> **GOAL OF THE EXERCISE**
Your task is to give the listing below back word for word, pictures excluded.

> **SOURCE DATA**
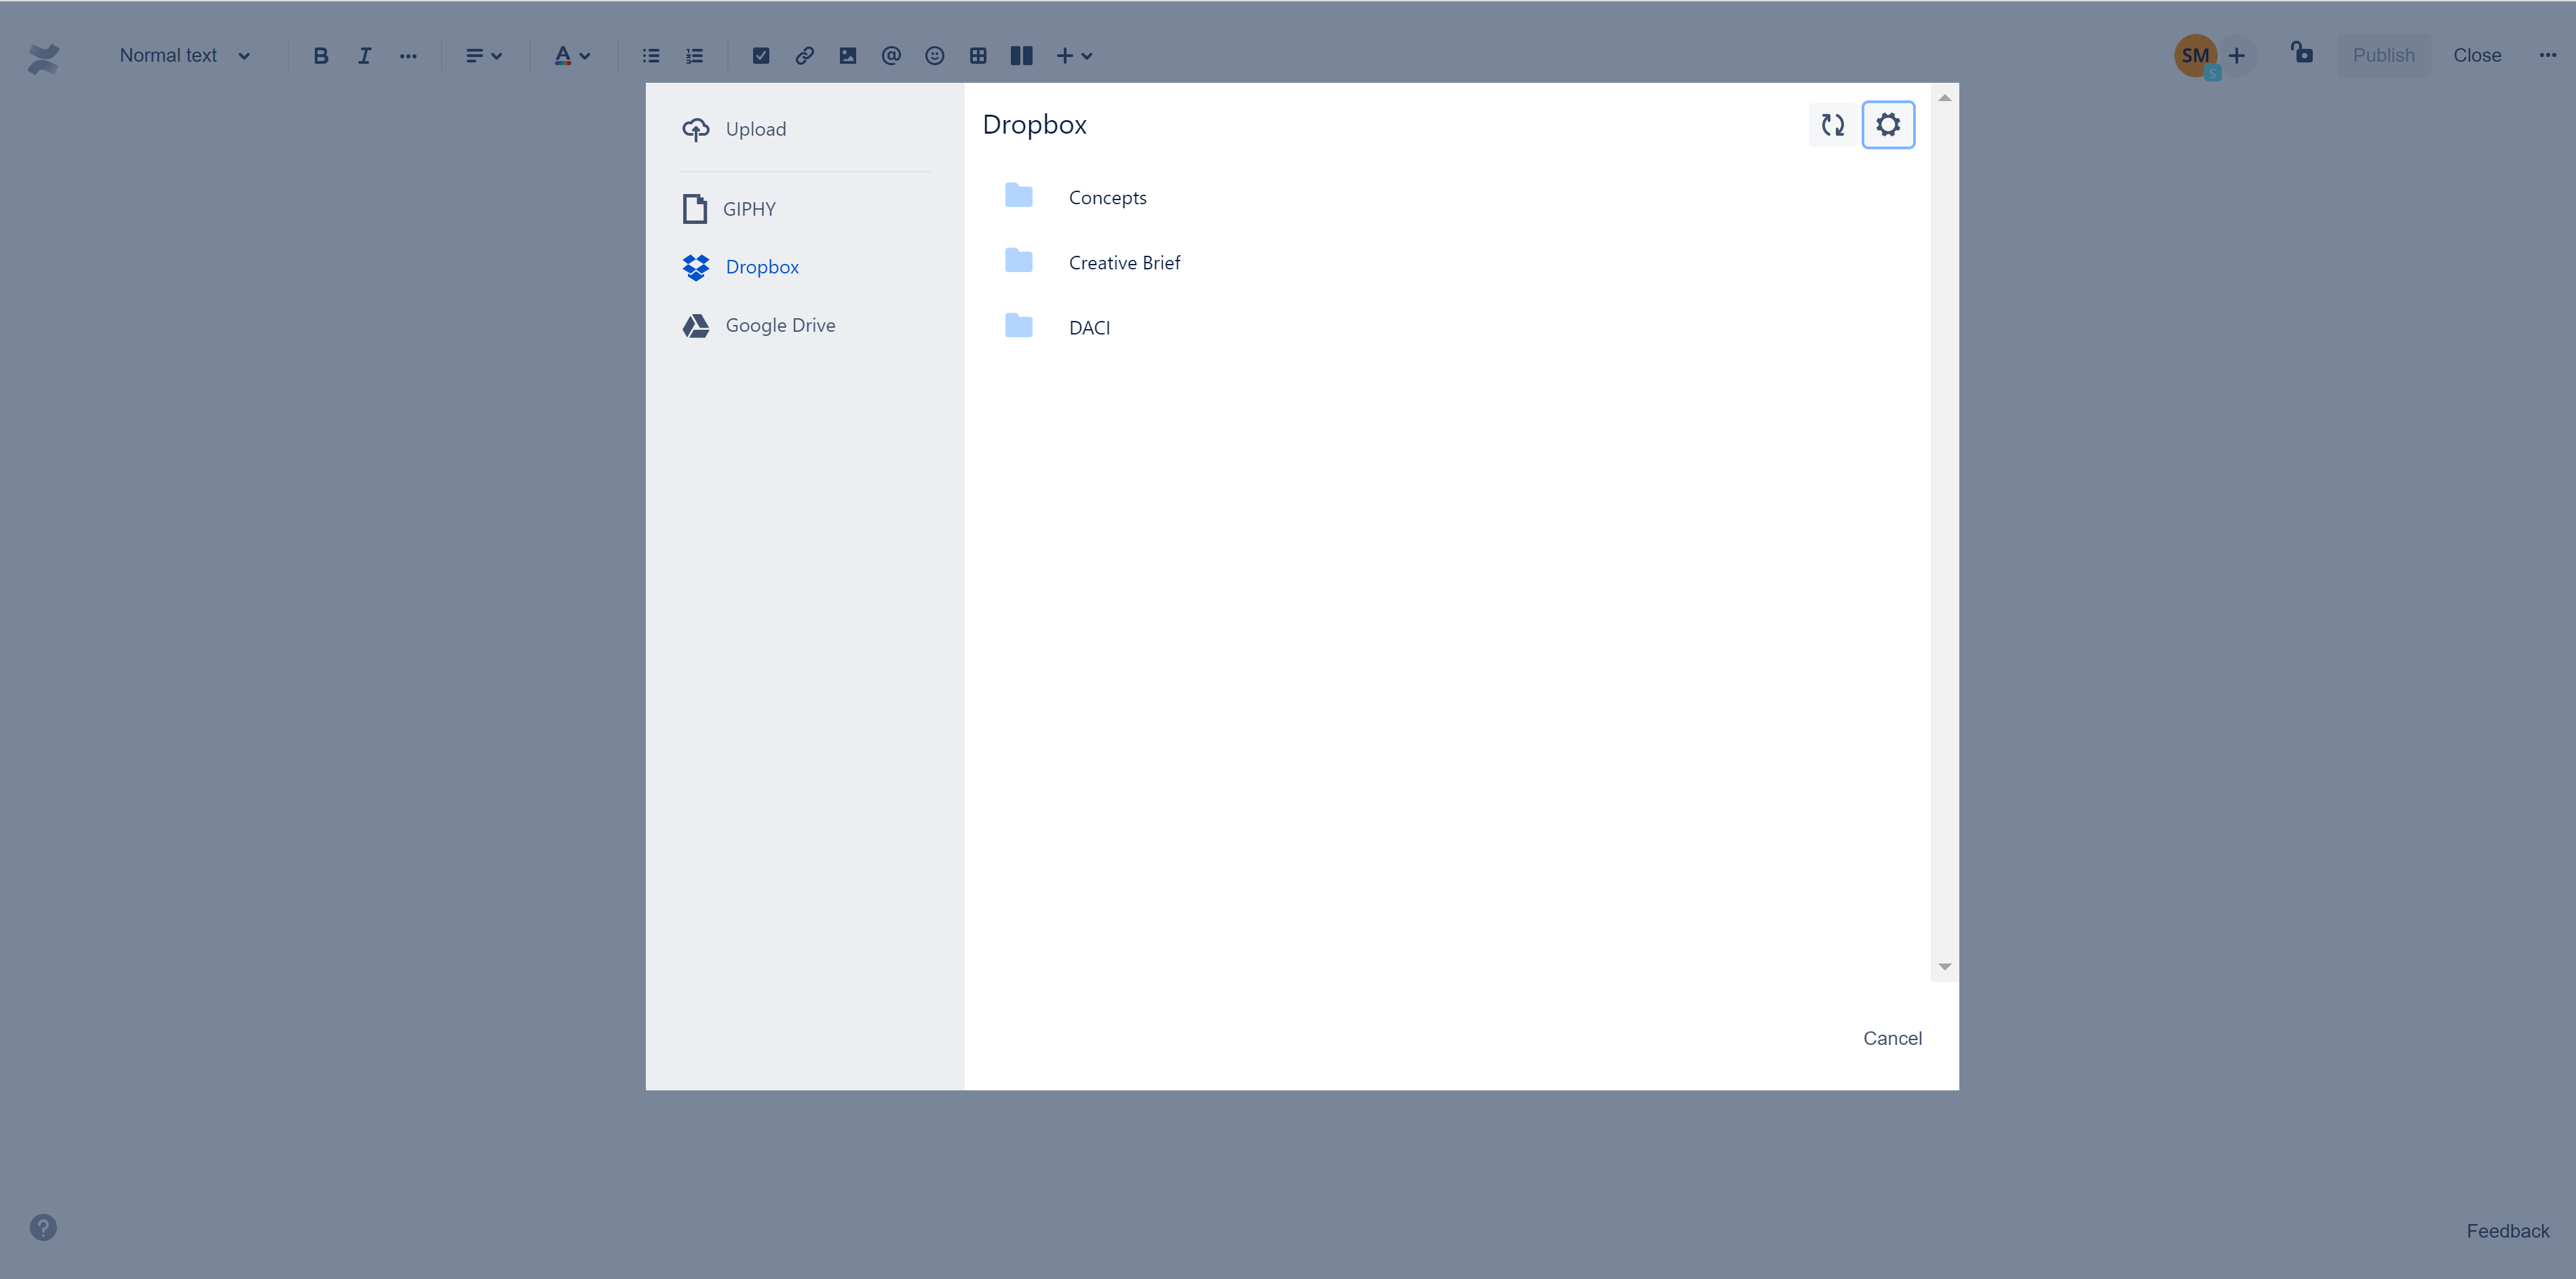 Confluence Dropbox feature
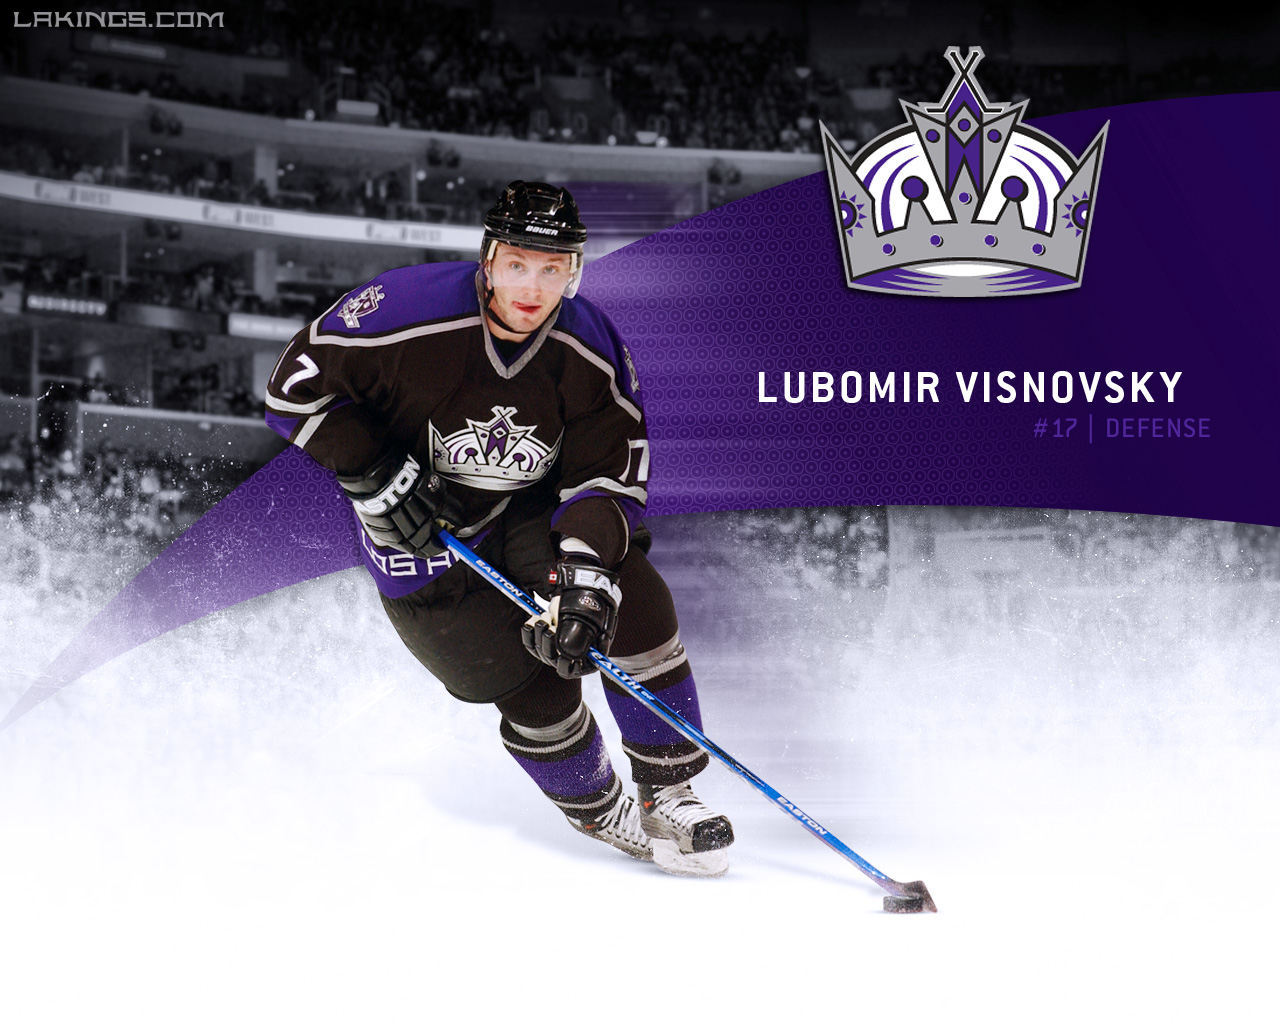 http://1.bp.blogspot.com/-21MMCcttBIs/T7PxocQYdaI/AAAAAAAABJg/hibE-vUETMI/s1600/Los-Angeles-Kings-Lubomir-Visnovsky-1-CQBBDLEHTJ-1280x1024.jpg
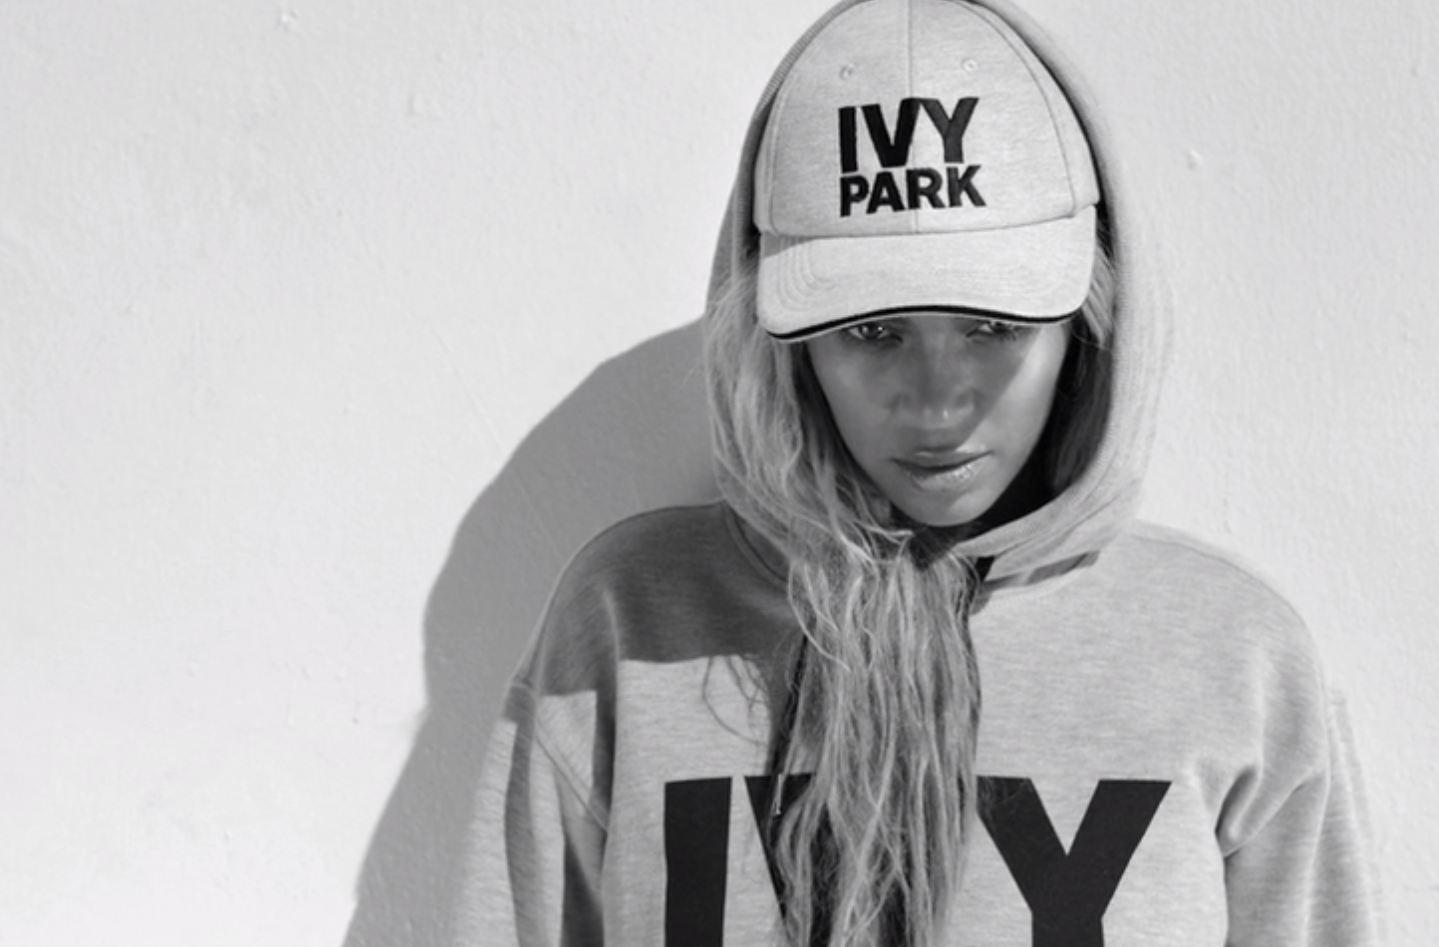 (Picture: Ivy Park)

> **ANSWER BOX**
 Confluence Dropbox feature
 http://1.bp.blogspot.com/-21MMCcttBIs/T7PxocQYdaI/AAAAAAAABJg/hibE-vUETMI/s1600/Los-Angeles-Kings-Lubomir-Visnovsky-1-CQBBDLEHTJ-1280x1024.jpg
 (Picture: Ivy Park)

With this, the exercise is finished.